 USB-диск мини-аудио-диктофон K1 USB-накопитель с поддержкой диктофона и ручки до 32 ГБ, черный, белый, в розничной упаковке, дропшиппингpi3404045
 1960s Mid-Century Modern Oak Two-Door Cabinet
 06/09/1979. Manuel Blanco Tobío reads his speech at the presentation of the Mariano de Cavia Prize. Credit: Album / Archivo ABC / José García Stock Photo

---

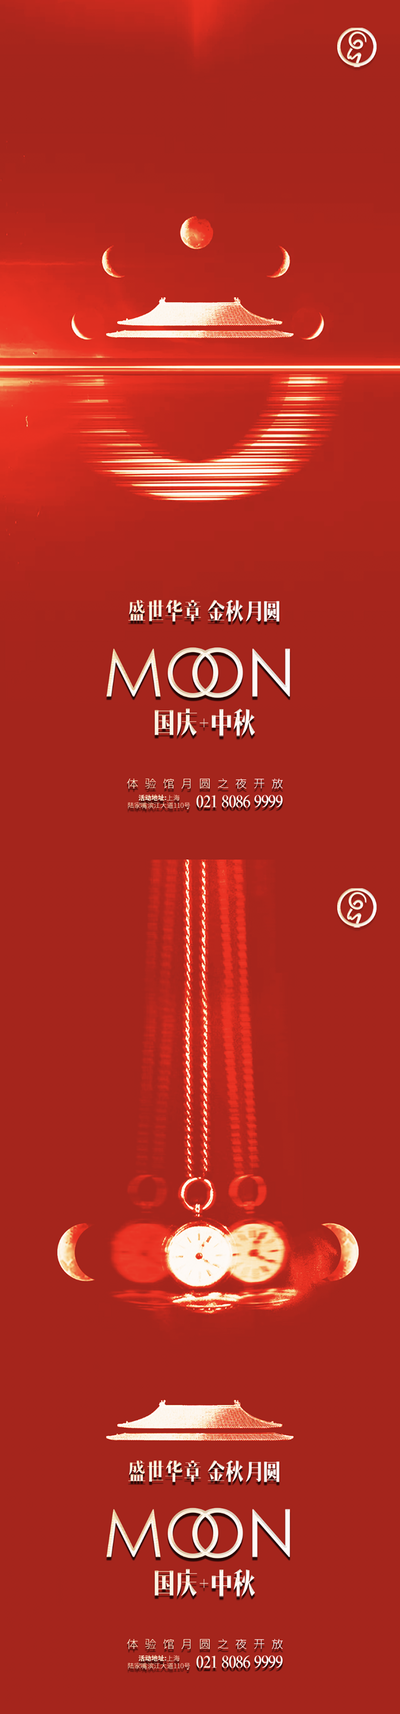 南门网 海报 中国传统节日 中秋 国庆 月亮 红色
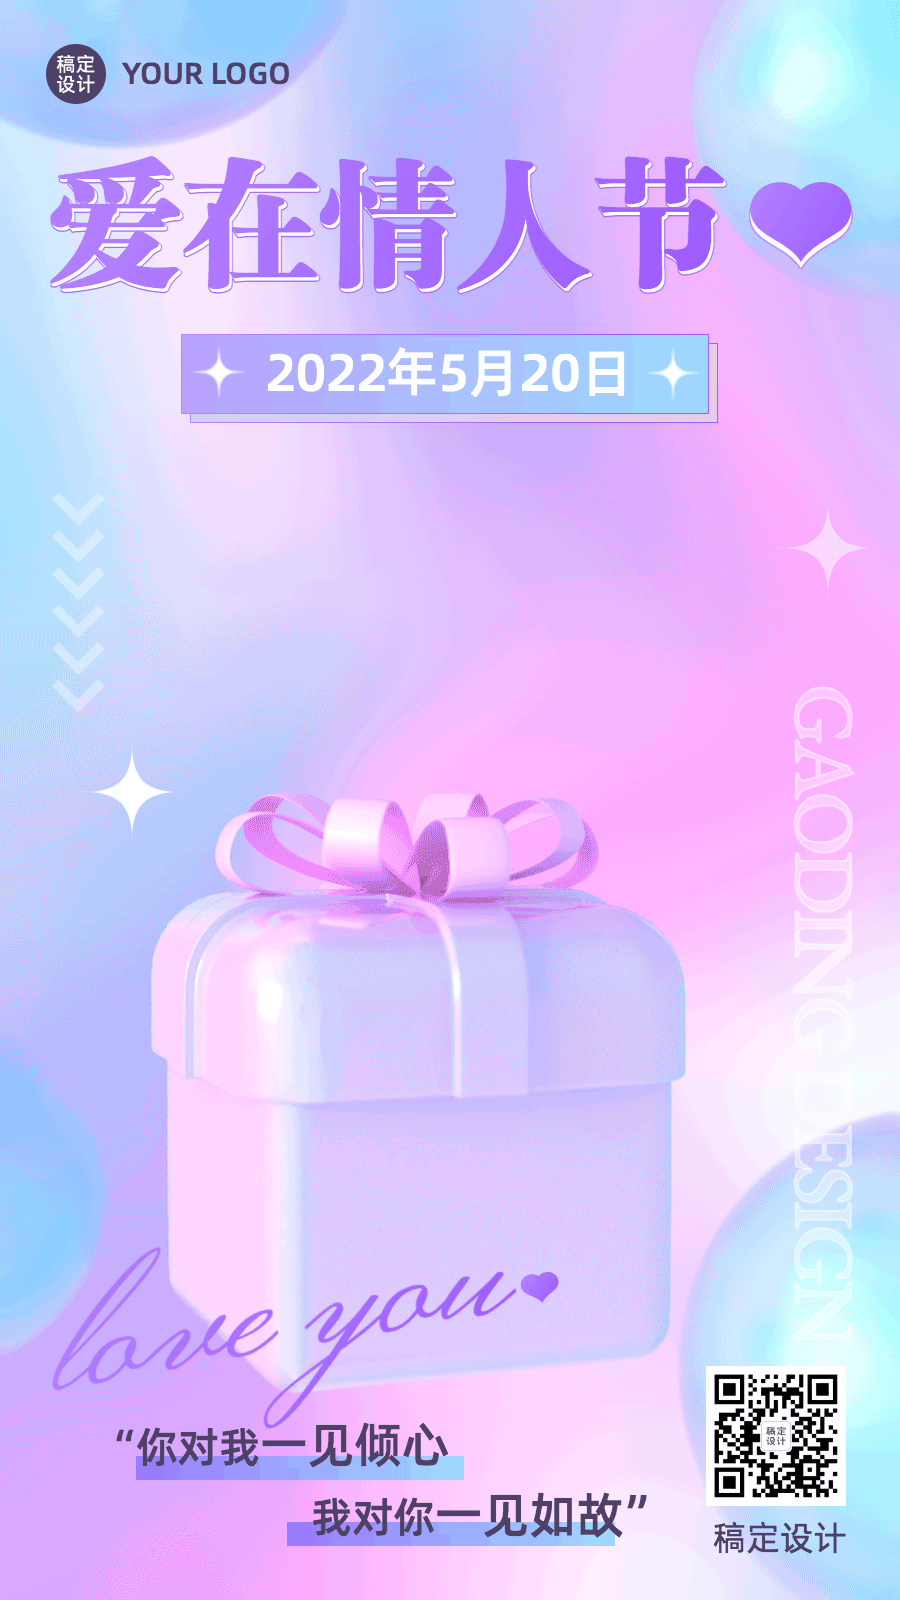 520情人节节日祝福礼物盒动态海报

---

=== Work item ===
Above is a listing; print exactly its lines from the one with "USB-диск мини-аудио-диктофон K1" through the one with "06/09/1979. Manuel Blanco", and no other lines.

=== Task solution ===
 USB-диск мини-аудио-диктофон K1 USB-накопитель с поддержкой диктофона и ручки до 32 ГБ, черный, белый, в розничной упаковке, дропшиппингpi3404045
 1960s Mid-Century Modern Oak Two-Door Cabinet
 06/09/1979. Manuel Blanco Tobío reads his speech at the presentation of the Mariano de Cavia Prize. Credit: Album / Archivo ABC / José García Stock Photo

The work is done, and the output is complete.